## Your instructions
What you write should be an exact repeat of the lines from the one with "Dolcezza: Tropical Island" through the final line below, minus the pictures.

## Information supplied

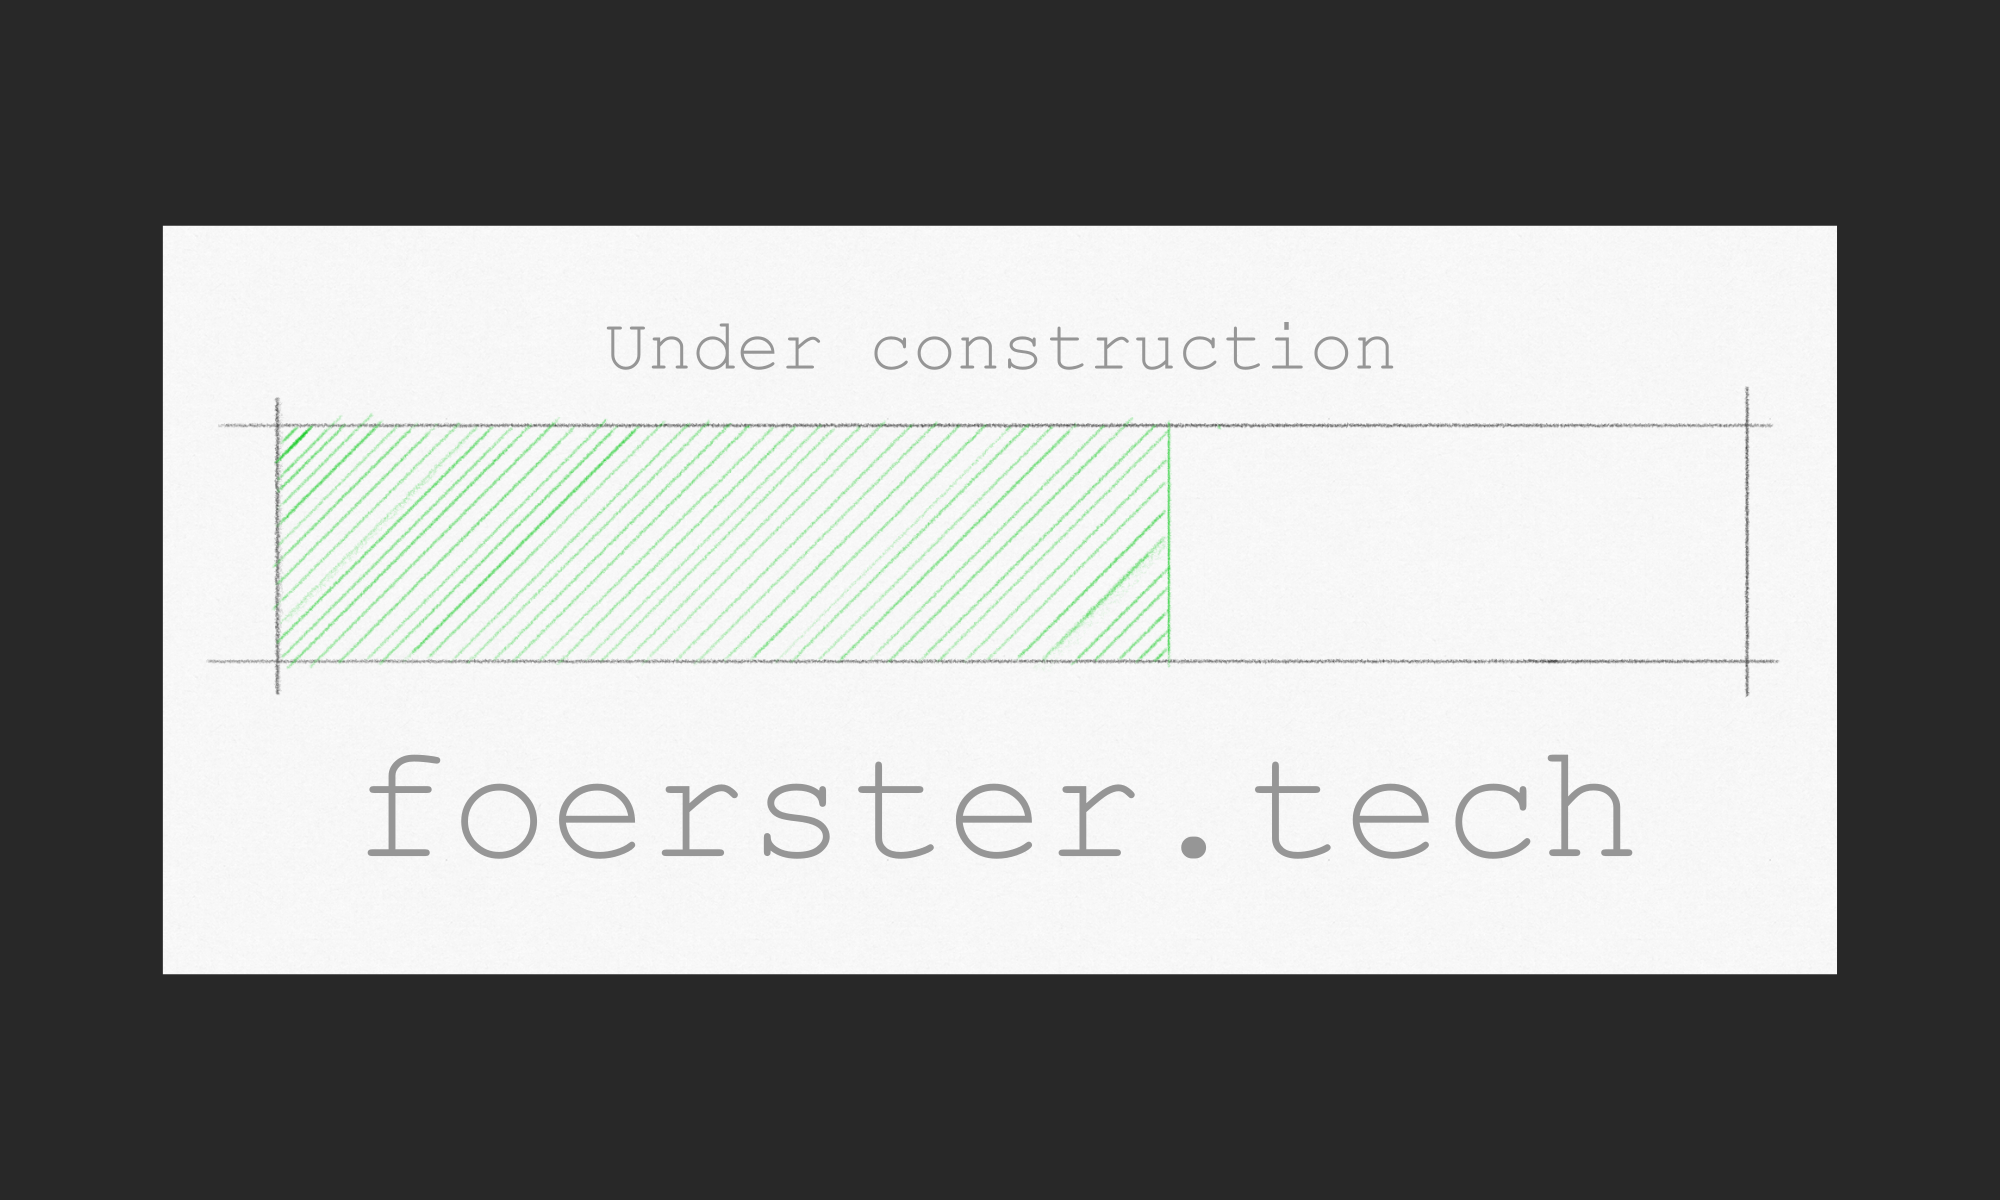 foerster.tech
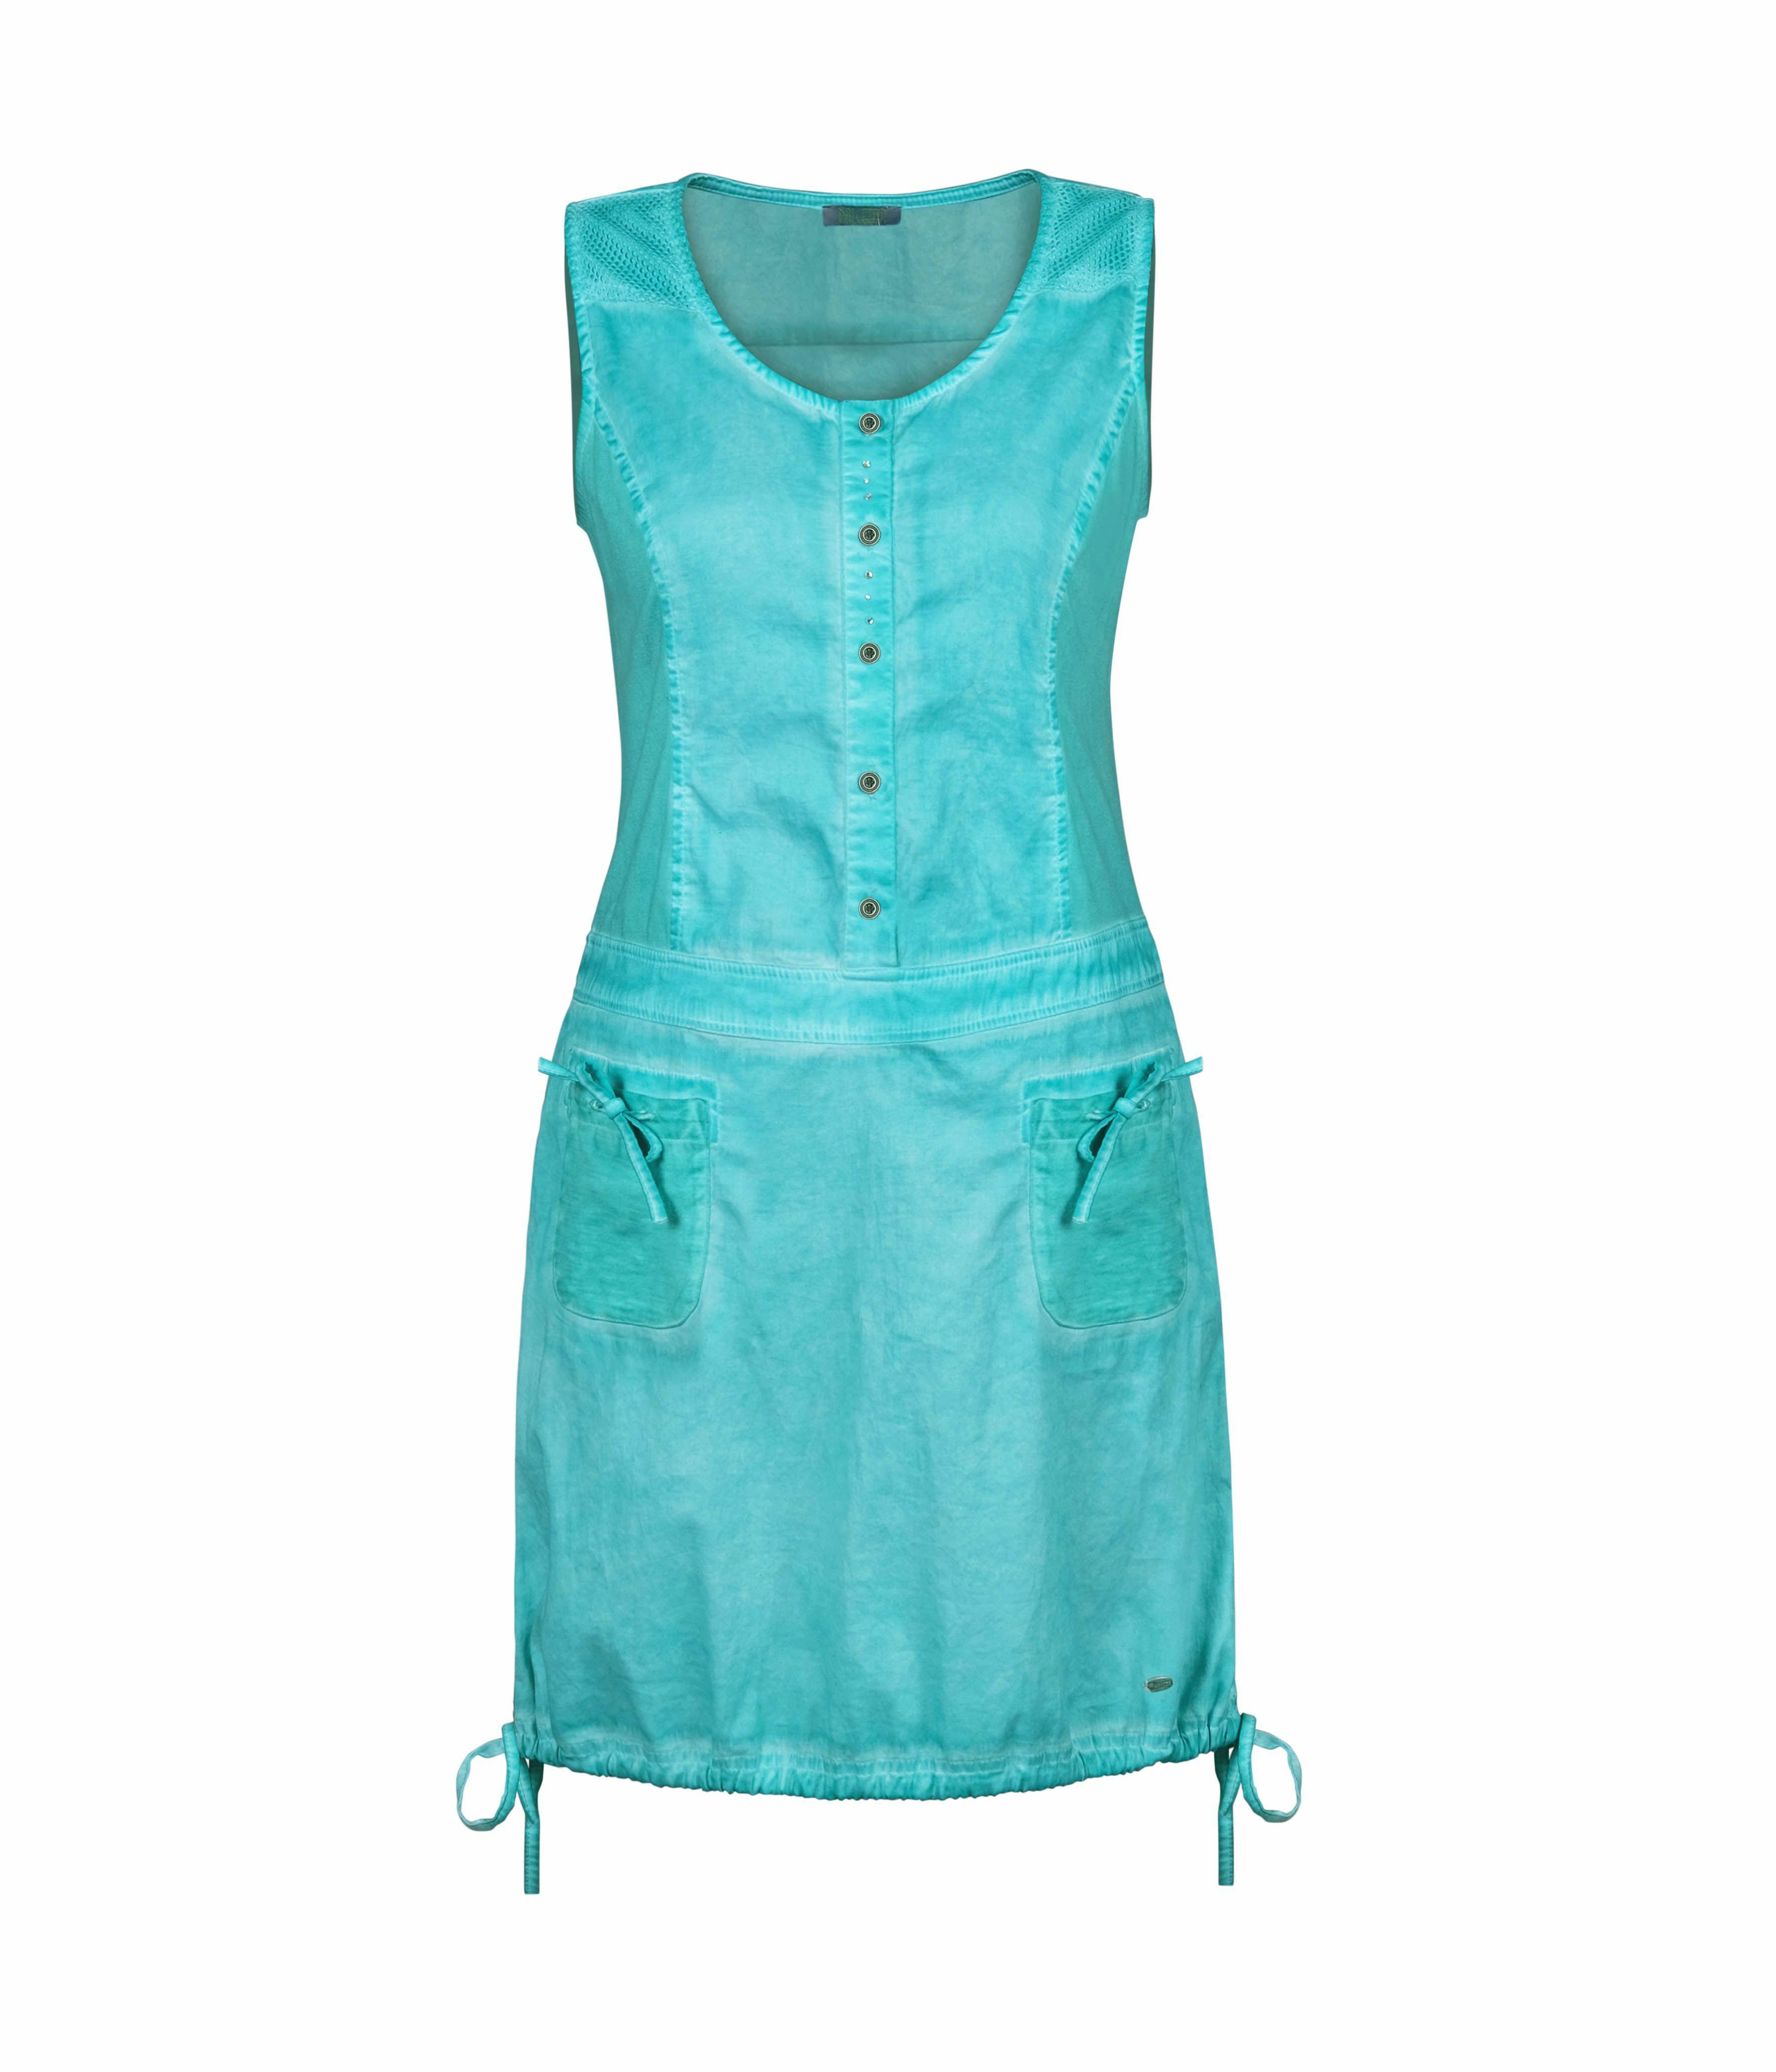 Dolcezza: Tropical Island Tied Hem Cotton Stretch Dress DOLCEZZA_20200_TURQ
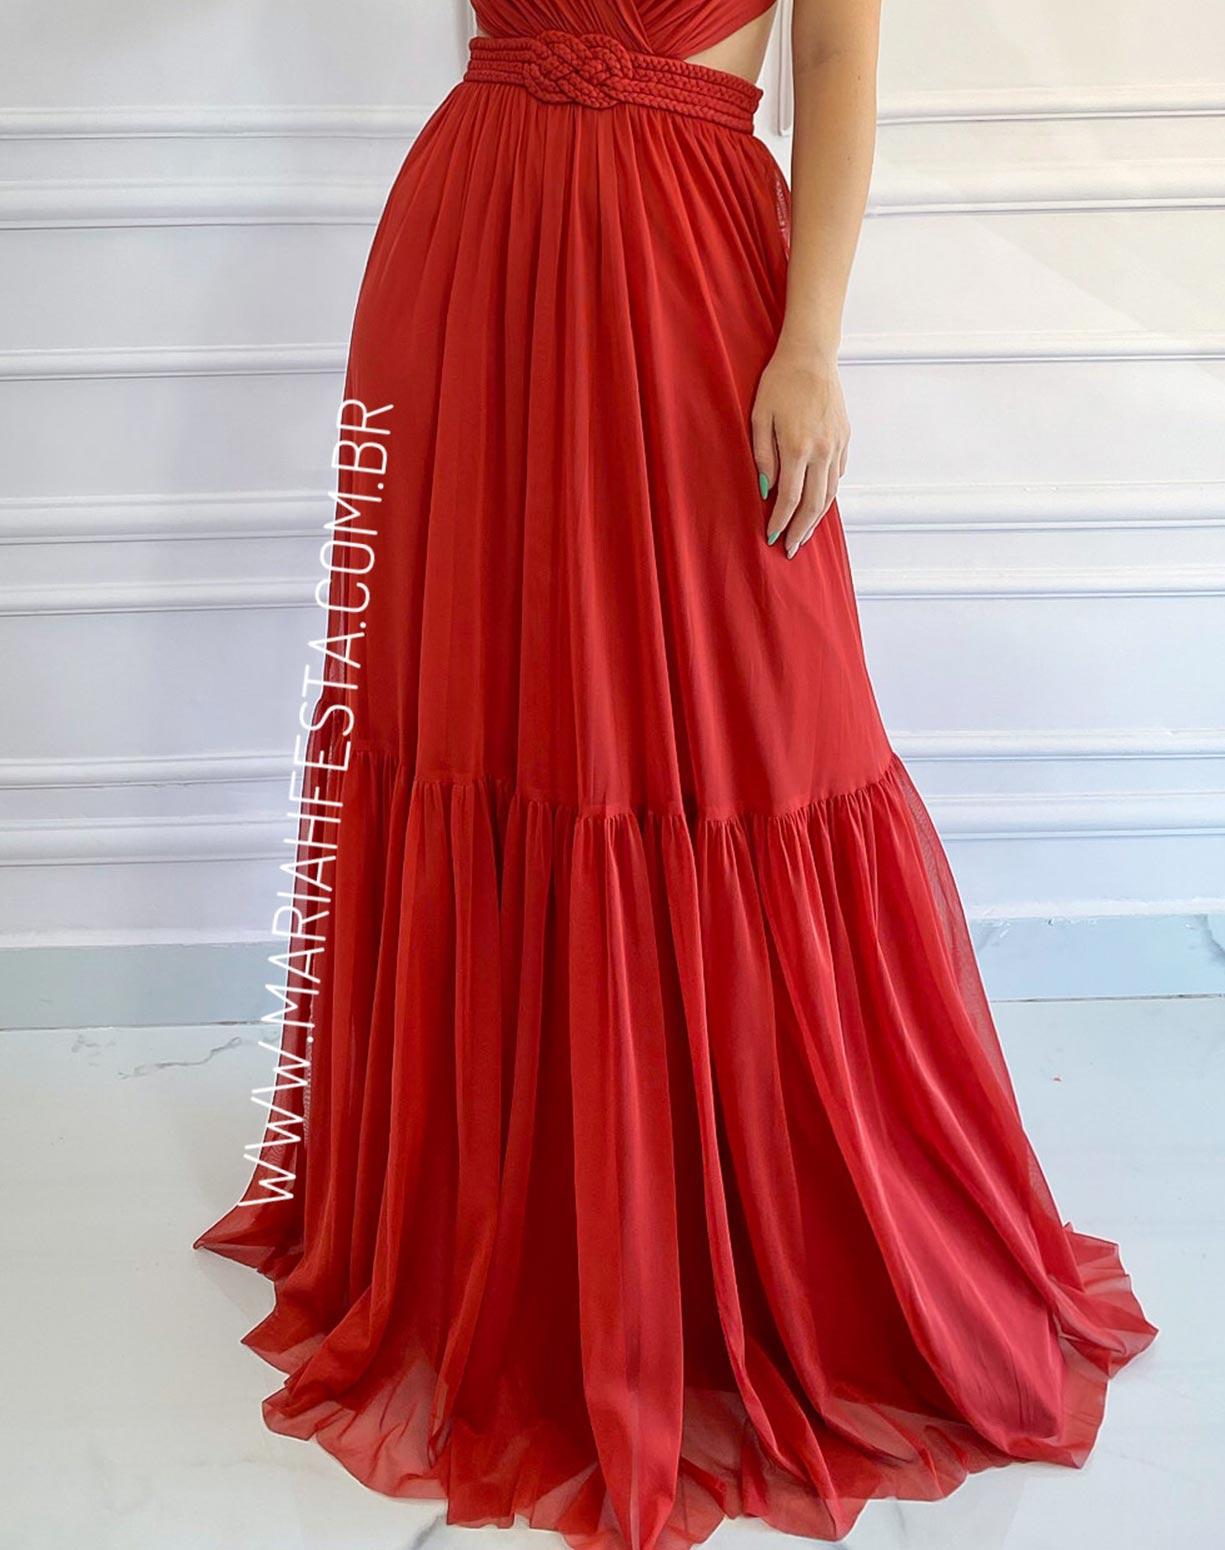 Vestido Terracota (avermelhado)  em Tule com Cinto em Macramê

## Response
 Dolcezza: Tropical Island Tied Hem Cotton Stretch Dress DOLCEZZA_20200_TURQ
 Vestido Terracota (avermelhado)  em Tule com Cinto em Macramê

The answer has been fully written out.